:: Source data ::
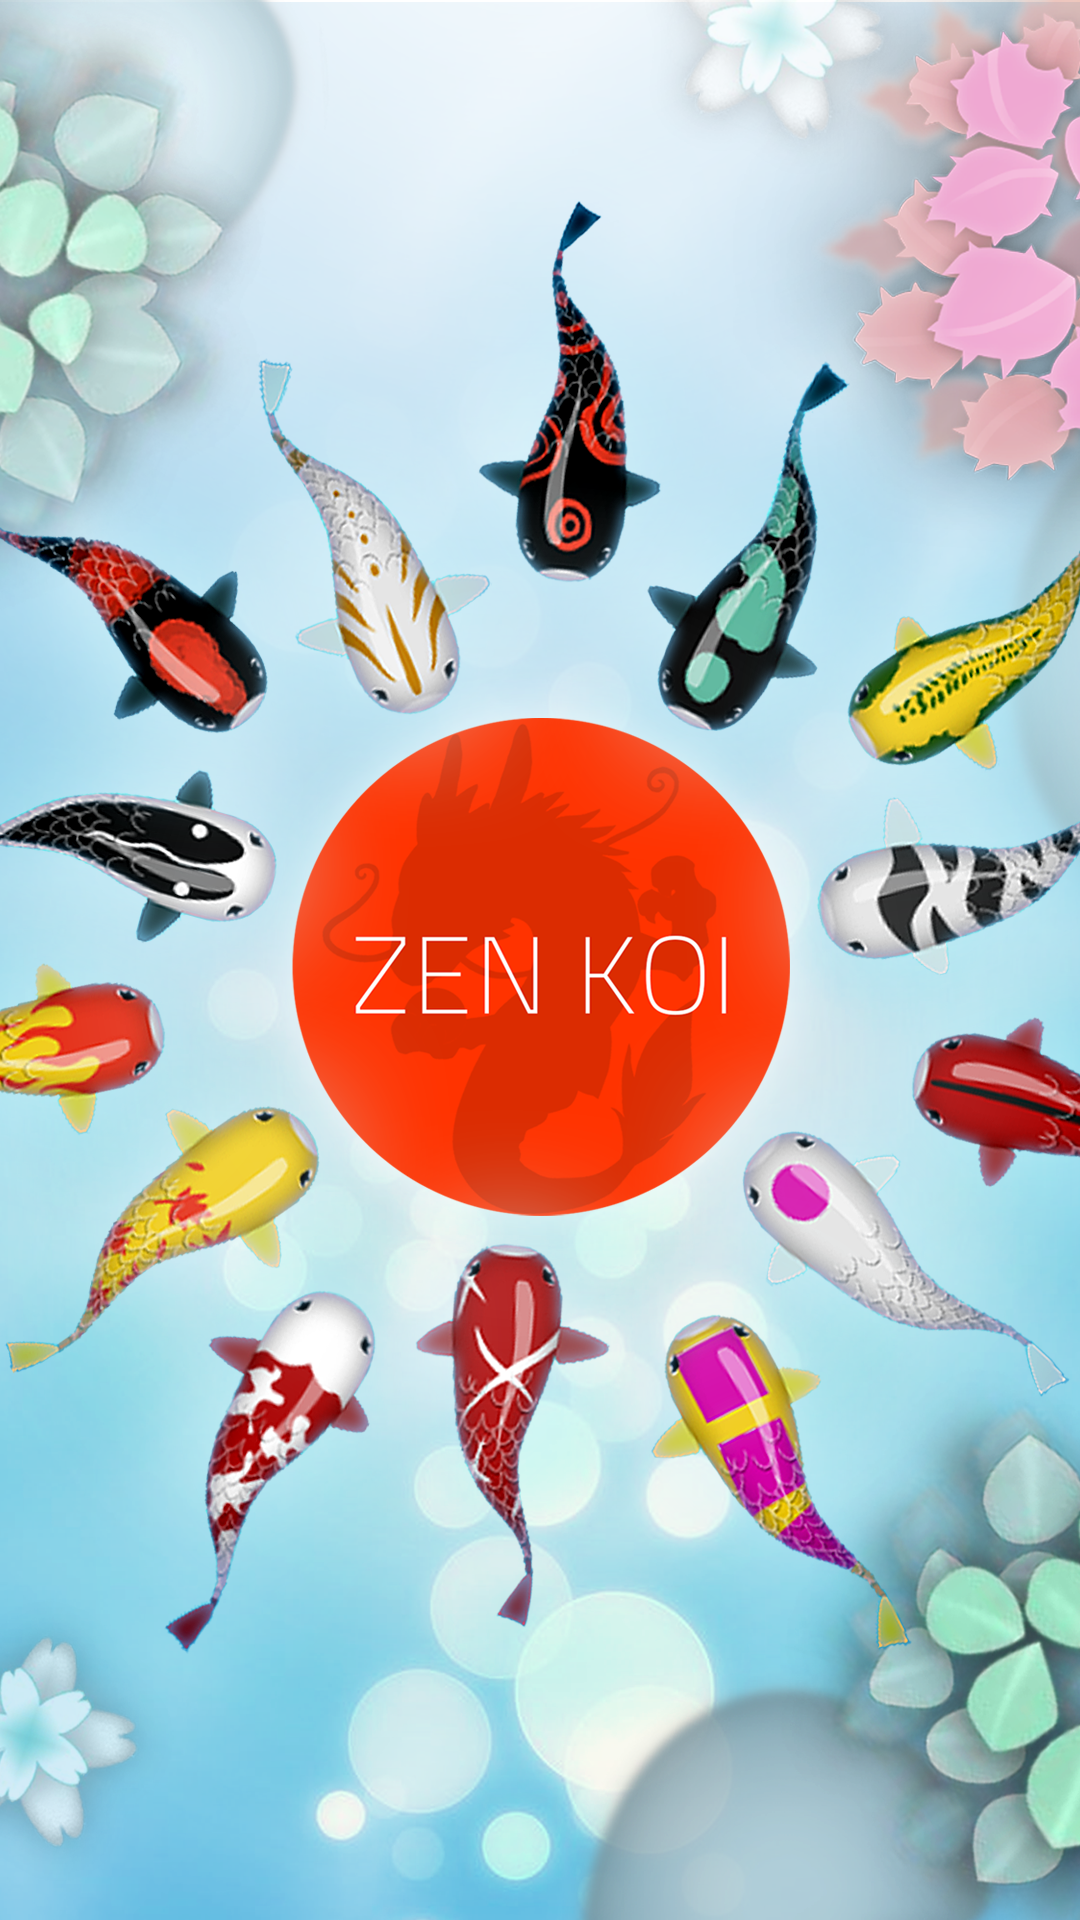 Zen Koi Classic 禅の鯉のキャプチャ
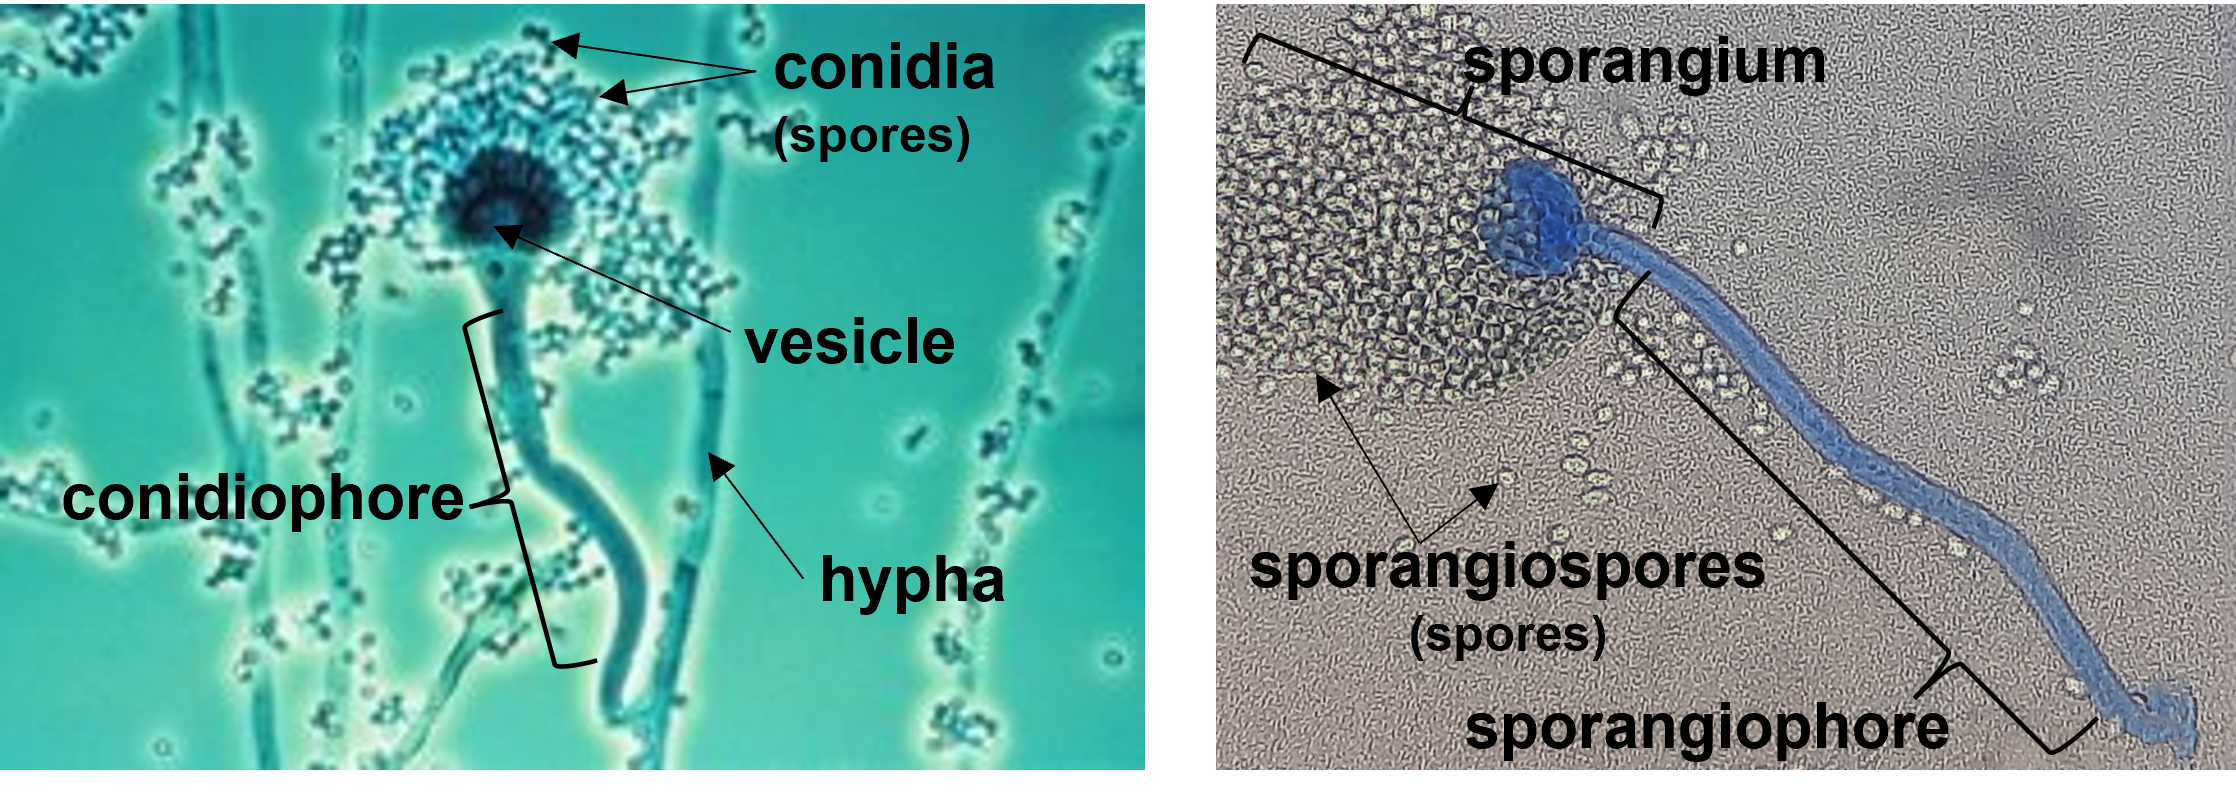 spore-producing structures in some fungal species: conidia and sporangiospores
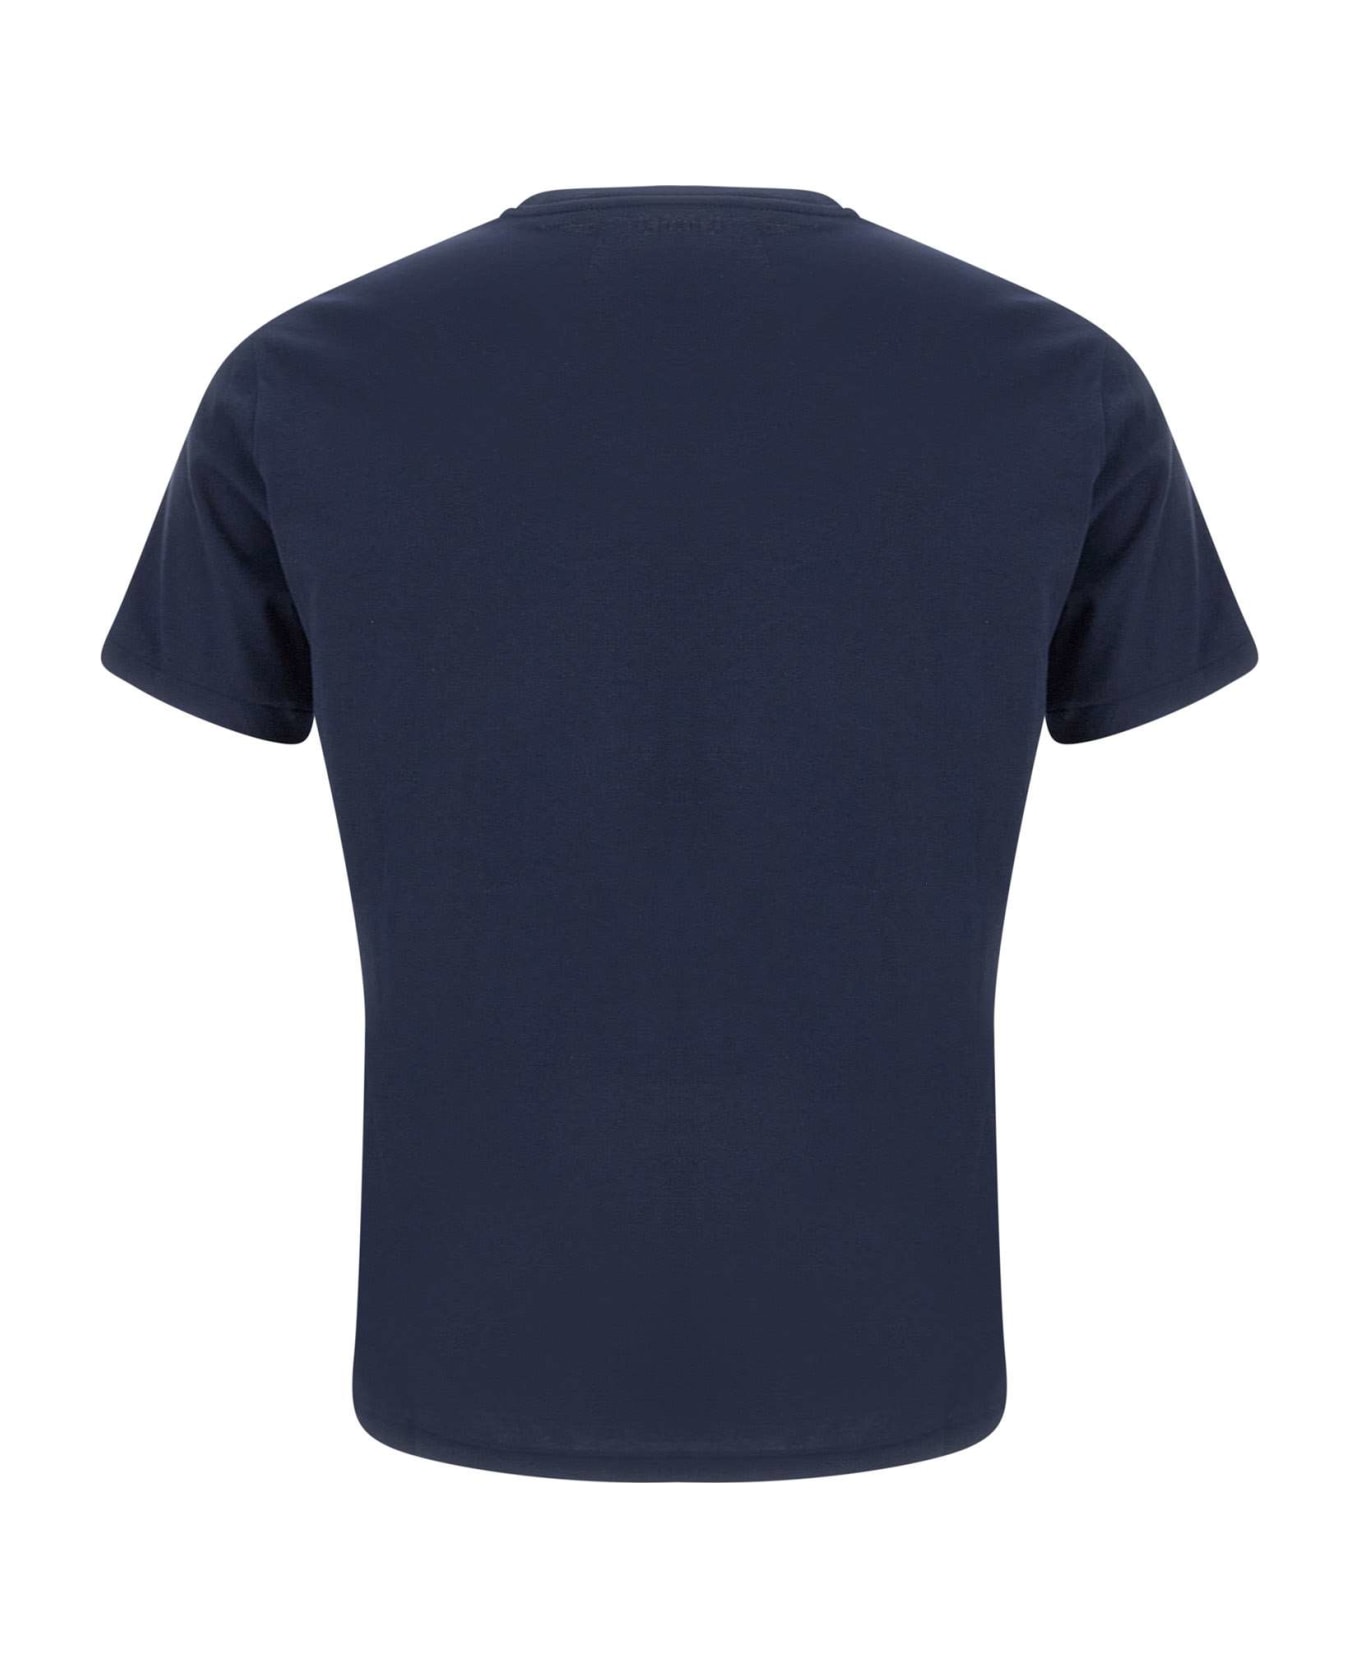 Polo Ralph Lauren Cotton T-shirt - Cruise navy

:: Exercise ::
Begin with the line holding "spore-producing structures in" and end with the last line of the listing. Reproduce each of those lines exactly, and leave every picture out.

:: Reply ::
 spore-producing structures in some fungal species: conidia and sporangiospores
 Polo Ralph Lauren Cotton T-shirt - Cruise navy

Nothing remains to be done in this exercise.